Anyway, I am just passing this along as a curiosity. It struck me as particularly strange.



> 11 And the king desired the groomsmen to depart out of the bride-chamber; and when all were gone out and the doors were shut, the bridegrroom lifted up the curtain of the bride-chamber to fetch the bride unto him. And he saw the Lord Jesus bearing the likeness of Judas Thomas and speaking with the bride; even of him that but now had blessed them and gone out from them, the apostle; and he saith unto him: Wentest thou not out in the sight of all? how then art thou found here? But the Lord said to him: I am not Judas which is also called Thomas but I am his brother. And the Lord sat down upon the bed and bade them also sit upon chairs, and began to say unto them:
> 
> 12 Remember, my children, what my brother spake unto you and what he delivered before you: and know this, that if ye abstain from this foul intercourse, ye become holy temples, pure, being quit of impulses and pains, seen and unseen, and ye will acquire no cares of life or of children, whose end is destruction: and if indeed ye get many children, for their sakes ye become grasping and covetous, stripping orphans and overreaching widows, and by so doing subject yourselves to grievous punishments.
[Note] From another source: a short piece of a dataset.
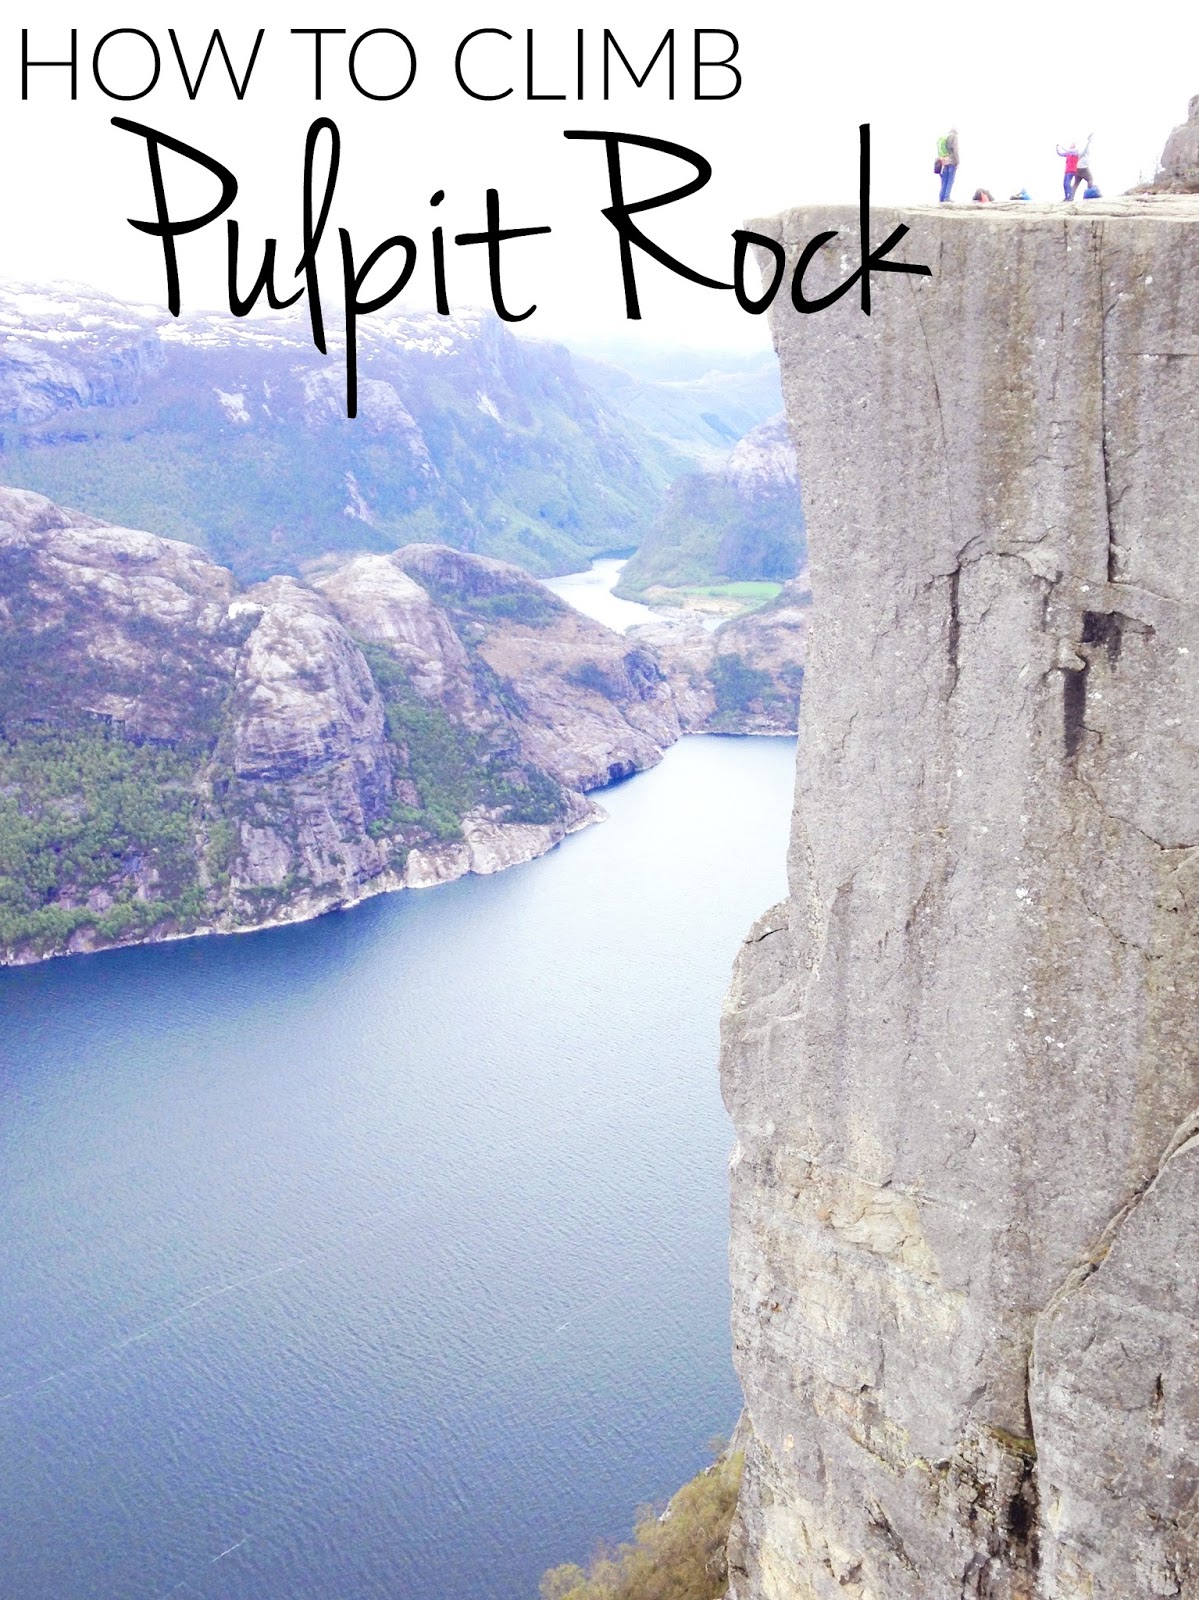 HOW TO CLIMB PULPIT ROCK – ALL YOU NEED TO KNOW

For the more part of children become useless oppressed of devils, some openly and some invisibly, for they become either lunatic or half withered or blind or deaf or dumb or paralytic or foolish; and if they be sound, again they will be vain, doing useless or abominable acts, for they will be caught either in adultery or murder or theft or fornication, and by all these vvill ye be afflicted.
> 
> But if ye be persuaded and keep your souls chaste before God, there will come unto you living children whom these blemishes touch not, and ye shall be without care, leading a tranquil life without grief or anxiety, looking to receive that incorruptible and true marriage, and ye shall be therein groomsmen entering into that bride-chamber which is full of immortality and light.


----------



## heartoflesh (Feb 9, 2005)

Whoever wrote that had a real chip on their shoulder.


----------